To a solution of 6-chloro-5-fluoro-4-(isopropylamino)-N-methoxy-N-methyl-pyridine-3-carboxamide (1.18 g, 4.58 mmol) in THF (15 mL) was added diisobutylalumane (1 M, 13.74 mL) at −78° C. The mixture was stirred at 0° C. for 2 hrs. The reaction mixture was with Na2SO4·10H2O (5 g) before being filtered. The filtrate was diluted with water (30 mL) and extracted with EtOAc (3×30 mL). The combined organic phase was washed with brine (30 mL), dried over anhydrous Na2SO4, and concentrated in vacuo to give the title compound (930 mg) as a yellow oil. LC-MS (ESI+) m/z 198.8 (M+H)+.
A mixture of 6-chloro-5-fluoro-4-(isopropylamino)pyridine-3-carbaldehyde (930 mg, 4.68 mmol), ethyl 2-diethoxyphosphorylacetate (4.20 g, 18.7 mmol), and K2CO3 (1.62 g, 11.7 mmol) in EtOH (90 mL) was degassed and purged with N2 three times. Then the mixture was stirred at 25° C. for 16 hrs under N2 atmosphere. On completion, the reaction mixture was diluted with water (100 mL) and extracted with EtOAc (3×100 mL). The combined organic phase was washed with brine (100 mL), dried over anhydrous Na2SO4, and concentrated in vacuo to give a residue. The residue was purified by column chromatography (SiO2, petroleum ether/ethyl acetate=I/O to 2/1) to give the title compound (350 mg, 14% yield) as a yellow oil. 1H NMR (400 MHz, CDCl3) δ 8.11 (s, 1H), 7.56 (d, J=16 Hz, 1H), 6.59 (s, 1H), 6.52 (s, 1H), 6.35 (d, J=16 Hz, 1H), 4.28 (q, J=7.2 Hz, 2H), 3.74-3.70 (m, 1H), 1.35 (t, J=7.2 Hz, 3H), 1.32-1.30 (m, 6H).
To a solution of ethyl (E)-3-[6-chloro-5-fluoro-4-(isopropylamino)-3-pyridyl]prop-2-enoate (350 mg, 1.30 mmol) in THF (2.5 mL) was added 3,4,6,7,8,9-hexahydro-2H-pyrimido[1,2-a]pyrimidine (906 mg, 6.51 mmol). The mixture was then stirred at 80° C. for 1 hr. On completion, the mixture was added to water (10 mL) and extracted with ethyl acetate (5 mL×3). The combined organic phase was dried over anhydrous sodium sulfate, filtered and concentrated in vacuo to give a residue, which was purified by column chromatography (SiO2, petroleum ether/ethyl acetate=1/0 to 2/1) to give the title compound (150 mg, 51% yield) as a white solid. 1H NMR (400 MHz, CDCl3) δ 8.53 (s, 1H), 7.64 (d, J=9.6 Hz, 1H), 7.42 (s, 1H), 6.67 (d, J=9.6 Hz, 1H), 5.82-4.77 (m, 1H), 1.64 (d, J=7.2 Hz, 6H). LC-MS (ESI+) m/z 222.8 (M+H)+.
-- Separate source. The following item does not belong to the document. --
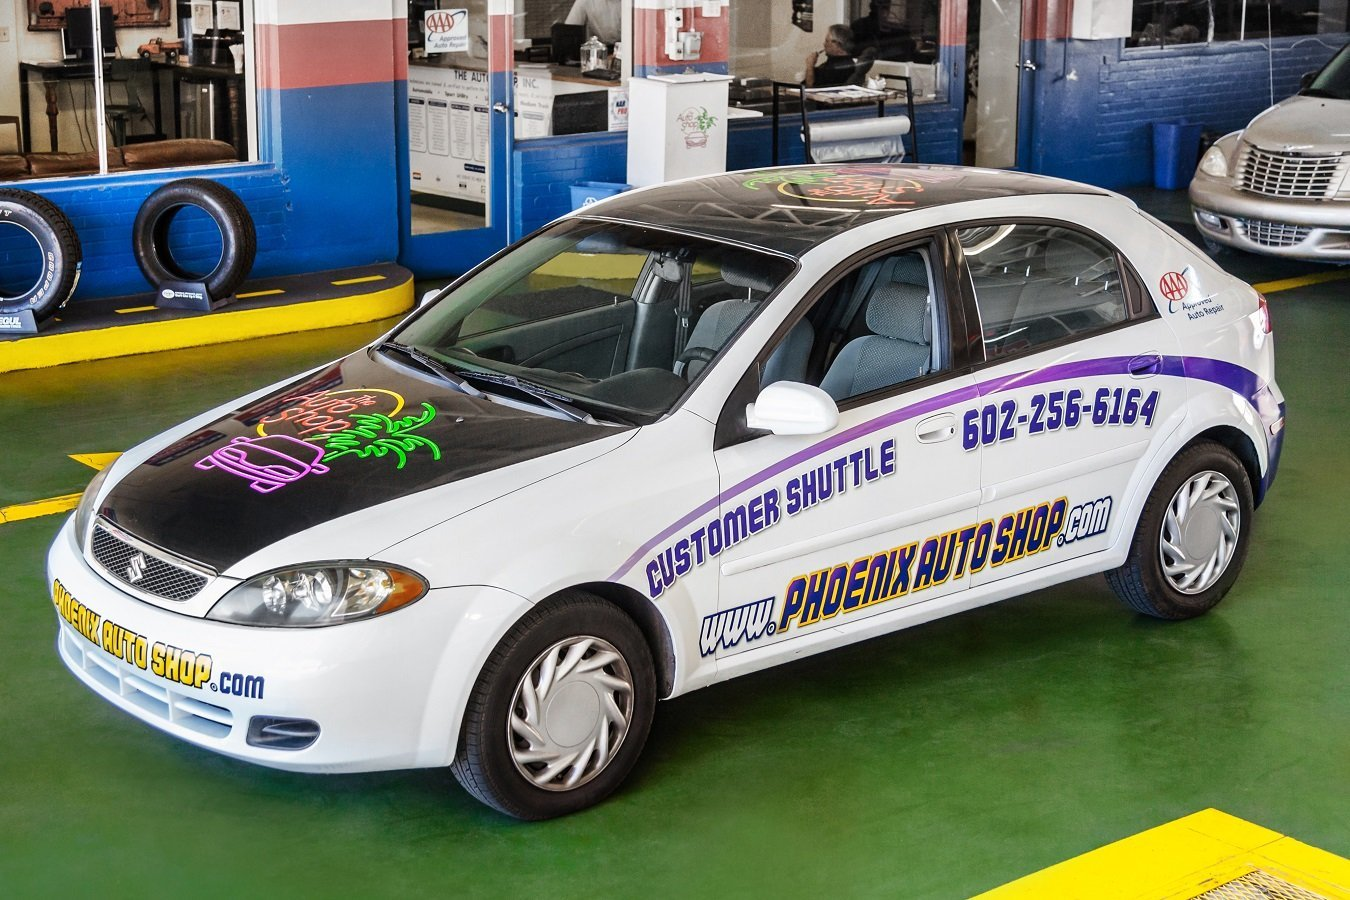 Electrical Specialty Car Repair Shop

To a solution of 7-chloro-8-fluoro-1-isopropyl-1,6-naphthyridin-2-one (300 mg, 1.34 mmol) in DMF (4 mL) was added NCS (1.08 g, 8.08 mmol). The mixture was stirred in dark at 80° C. for 24 hrs. On completion, the reaction mixture concentrated in vacuo to give a residue, which was purified by flash silica gel chromatography (ISCO®; 40 g SepaFlash® Silica Flash Column, Eluent of 0˜20% ethyl acetate/petroleum ether gradient @ 80 mL/min) to give the title compound (135 mg, 73% yield) as a white solid. LC-MS (ESI+) m/z 256.7 (M+H)+.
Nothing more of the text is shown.